# Is this Anacharis?



## OrangeAugust (Jul 23, 2012)

I bought a bunch of this plant at Petsmart that they called "Bush Plant". It looks very similar to Hornwort, but more fine. I have only seen Anacharis in photos so I can't tell if that's what it is. Is Anacharis the only other aquatic plant that looks similar to Hornwort?
Anyway, I put a bunch of sprigs of this "bush plant" floating on the top of Lila's tank and she loves it! It's so cute to watch her weaving over and under and in between. It's better than the hornwort because it's less dense. She could swim around a few sprigs of hornwort in her tank, but she couldn't swim through and under and over like she can with this stuff.


----------



## maycausedeath (Jan 29, 2011)

Can you post a picture?


----------



## OrangeAugust (Jul 23, 2012)

I will tonight. I'm at work right now.


----------



## OrangeAugust (Jul 23, 2012)

Ok, here's a picture. It's the floating stuff in the center and to the left. The stuff on the right weighted on the bottom is hornwort.
Aww, isn't Lila cute? :-D


----------



## Silverfang (Mar 25, 2011)

I don't think it's anachris. I'd guess it was hornwort or something similar.
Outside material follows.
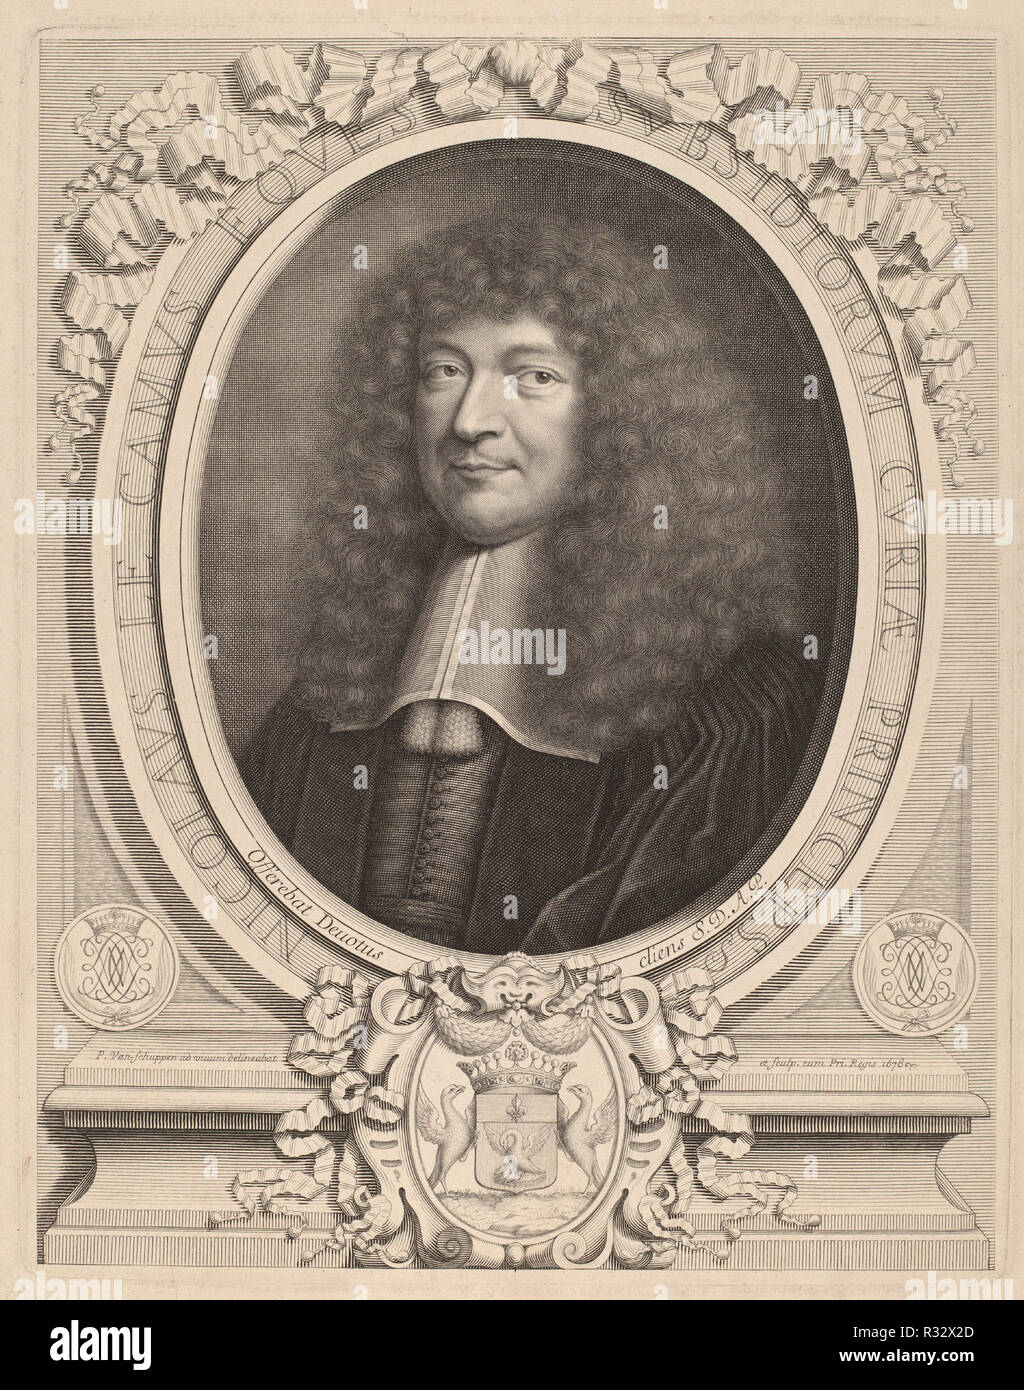 Nicolas Le Camus. Dated: 1678. Medium: engraving. Museum: National Gallery of Art, Washington DC. Author: Peter Ludwig van Schuppen after Pieter van Mol. Stock Photo

They sell hornwort at my local petsmart as well, never paid attention to the label.


----------



## OrangeAugust (Jul 23, 2012)

Hmm. Ok. They did have hornwort there, too. It's very similar but not as dense. Weird.


----------



## maycausedeath (Jan 29, 2011)

It sure does seem to be hornwort.

By the way, adorable fish! She looks so little.


----------



## Bettanewbie60 (Jun 26, 2012)

That is Cabomba Carolinia.


----------



## OrangeAugust (Jul 23, 2012)

maycausedeath said:


> By the way, adorable fish! She looks so little.


Hehe thanks! She is super cute and really little. She's about an inch and a half. I think she might still be really young because she still has stripes after having her for a week already (they've faded a lot, though).


----------



## OrangeAugust (Jul 23, 2012)

Bettanewbie60 said:


> That is Cabomba Carolinia.


Yes! I think that's it! I looked it up and it's also called Fanwort.
Cool. Thanks.
Petsmart called it "Bush Plant" haha.


----------



## Bettanewbie60 (Jun 26, 2012)

OrangeAugust said:


> Yes! I think that's it! I looked it up and it's also called Fanwort.
> Cool. Thanks.
> Petsmart called it "Bush Plant" haha.


Yup...that it is! I am just getting into real plants myself and have that in my first planted tank...I love it, with good light it grows like crazy, and I just clip off the top and stick it in the gravel to start another. My betta loves to sleep on it too!


----------



## registereduser (Jul 30, 2010)

OrangeAugust said:


> Yes! I think that's it! I looked it up and it's also called Fanwort.
> Cool. Thanks.
> Petsmart called it "Bush Plant" haha.


I think it's superior to hornwort, it doesn't shed. The fish love to rest on it. I took out his leaf hammock since he preferred those plants. It grows fast and can be anchored or floated.


----------



## Silverfang (Mar 25, 2011)

weird, looks nothing like the cabomba I have


----------



## Bettanewbie60 (Jun 26, 2012)

This is the plant I have...It is Cambomba http://www.bamaplants.com/index.php...pID=39&zenid=34daeaf077e2c121cd8057e92eb0a361


----------



## starrlamia (May 3, 2012)

registereduser said:


> I think it's superior to hornwort, it doesn't shed. The fish love to rest on it. I took out his leaf hammock since he preferred those plants. It grows fast and can be anchored or floated.


 it does shed when it isnt happy and makes a mess (PITA IMO lol)


----------



## Destinystar (May 26, 2012)

That is very interesting and good to know about it being Fanwort. My Hornwort is starting to look brownish almost reddish in some places and I read that under a lot of good light that is normal does anyone know if thats true ? It seems okay other than that and it doesnt shed that much.


----------



## teeneythebetta (Apr 29, 2012)

Aww your girl is so cute :-D
I love the girls ^.^


----------



## Bettanewbie60 (Jun 26, 2012)

I love this plant...I just clipped the top off of one two days ago and stuck it in the gravel..it has grown an inch already! It's going to be a great help filling up my next tank!


----------